Очень жаль, что стихи из «Субботника», как имеющие частный характер, не могут быть напечатаны, а есть прекрасные.

К осени Александр Николаевич окончил новую пьесу «Не так живи, как хочется» и прочел ее в первый раз Кружку у себя дома. Этот вечер останется мне памятен до конца моих дней. После чтения Пров Михайлович мне сказал, что получено из Петербурга разрешение дебютировать мне в его бенефис в пьесе M. Н. Владыкина «Образованность».[98] Не только поступление на сцену, но и дебюты были тогда обставлены большими затруднениями, и если мне позволили дебютировать, то только во внимание к просьбе Прова Михайловича.

Я думаю, ни один дебютант не в состоянии отчетливо передать тех чувств, которые овладевают им при первом выходе на сцену. Какой-то особенный страх, рябит в глазах, руки делаются совершенно лишними, лучше когда бы их на этот раз не было. Все это я испытал в полной мере, несмотря на то, что роль знал, как «Отче наш», и готовил ее под руководством всего нашего Кружка.

– Что это у вас, милый человек, лихорадка, что ли? – подошла ко мне София Павловна Акимова, игравшая в пьесе мою мать. – Смелее, голубчик!

– Жутко, дружок! У нас с тобой тоже поджилки тряслись, – заметил С. В. Васильев. – С богом!

Александр Николаевич в самый момент выхода пожал мне руку и пожелал счастья.

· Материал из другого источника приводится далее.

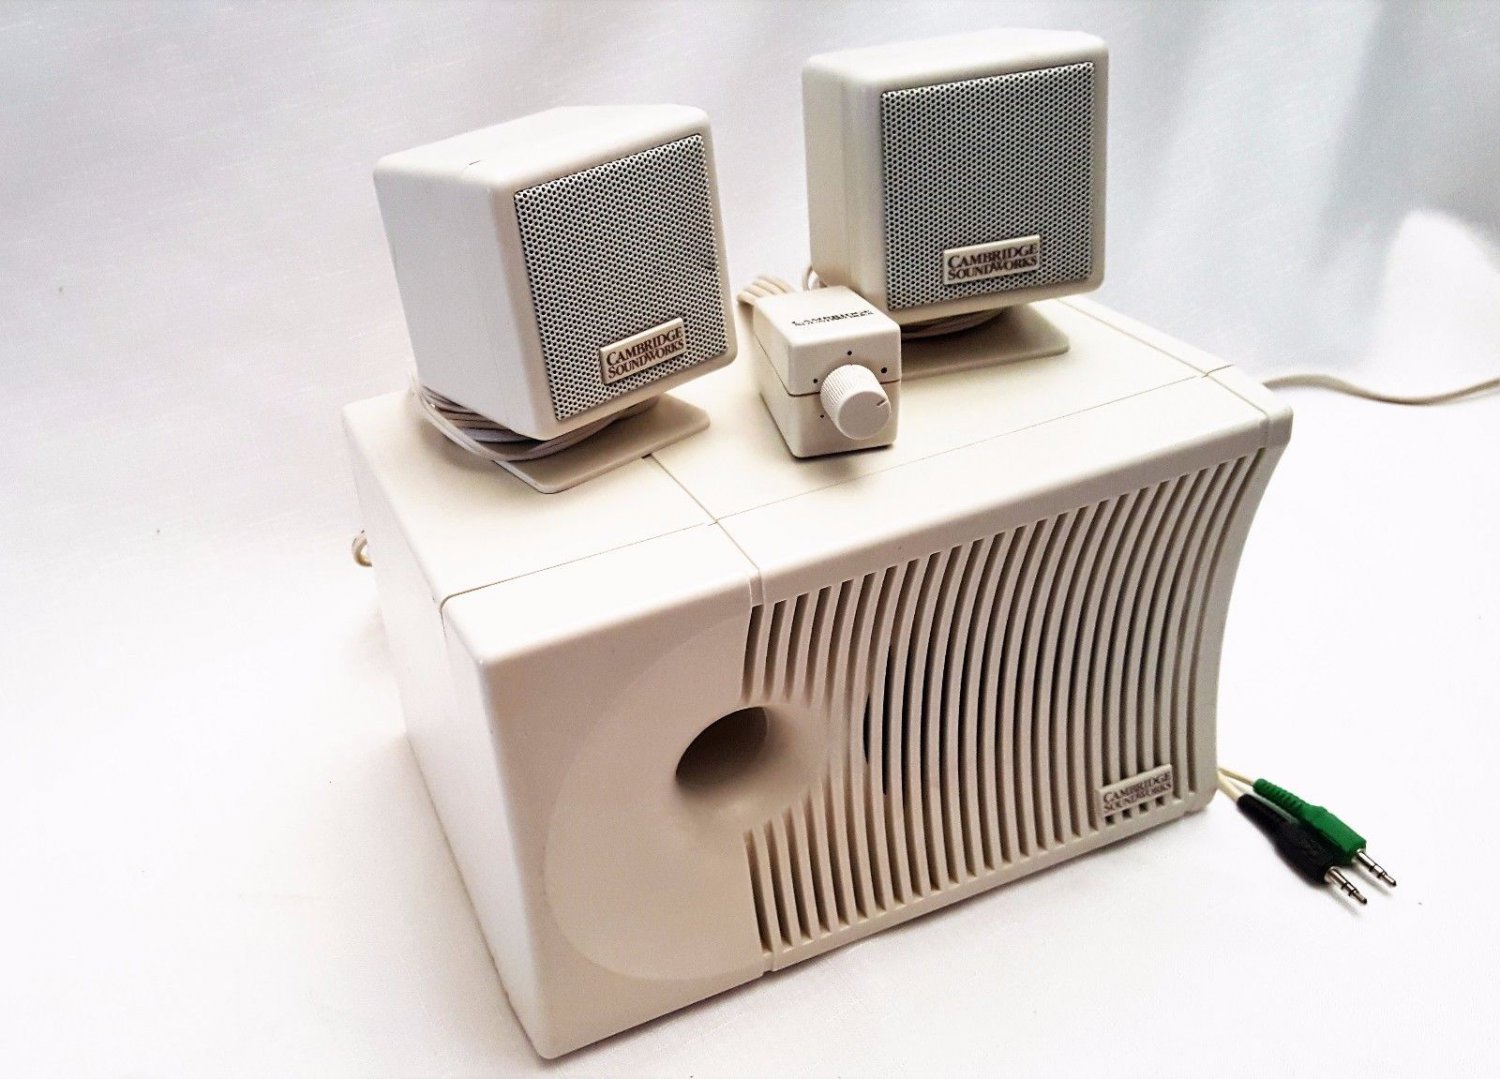 cambridge soundworks speakers sbs52 take apart

Я на сцене. Действительно затряслись поджилки, задрожали губы… Трудно передать то ощущение, которое я испытал в этот вечер. Как юница, трепетно стоявшая под венцом, не может в день своей золотой свадьбы передать подробности совершившегося над ней торжественного акта, а надо мной тоже совершился торжественный акт – я вступил в новую жизнь, неведомую мне сферу деятельности, о которой я никогда не мечтал и к которой не был приготовлен.

К дебютантам в то время публика относилась очень благосклонно; благосклонно отнеслась она и ко мне, вызвавши в продолжение пьесы пять раз. За кулисами меня приветствовали, но я чувствовал вполне свое ничтожество.

– Окунулся, дружок. Теперь плыви смело, – сказал мне С. В. Васильев.

– Поплывем, бог милостив! – сердечно улыбаясь, поддакнул Пров Михайлович.

Газетных отзывов дебютантам тогда нечего было бояться, да и газета-то была одна, которая почти не занималась театром, хоть и имела для экстренных отзывов репортера, князя Назарова. Князь был человек образованный и чистоплотный, не похожий на большинство современных репортеров, часто мешающих сценическим деятелям спокойному отношению к их обязанностям. Бояться тогда можно было строгих приговоров самих артистов.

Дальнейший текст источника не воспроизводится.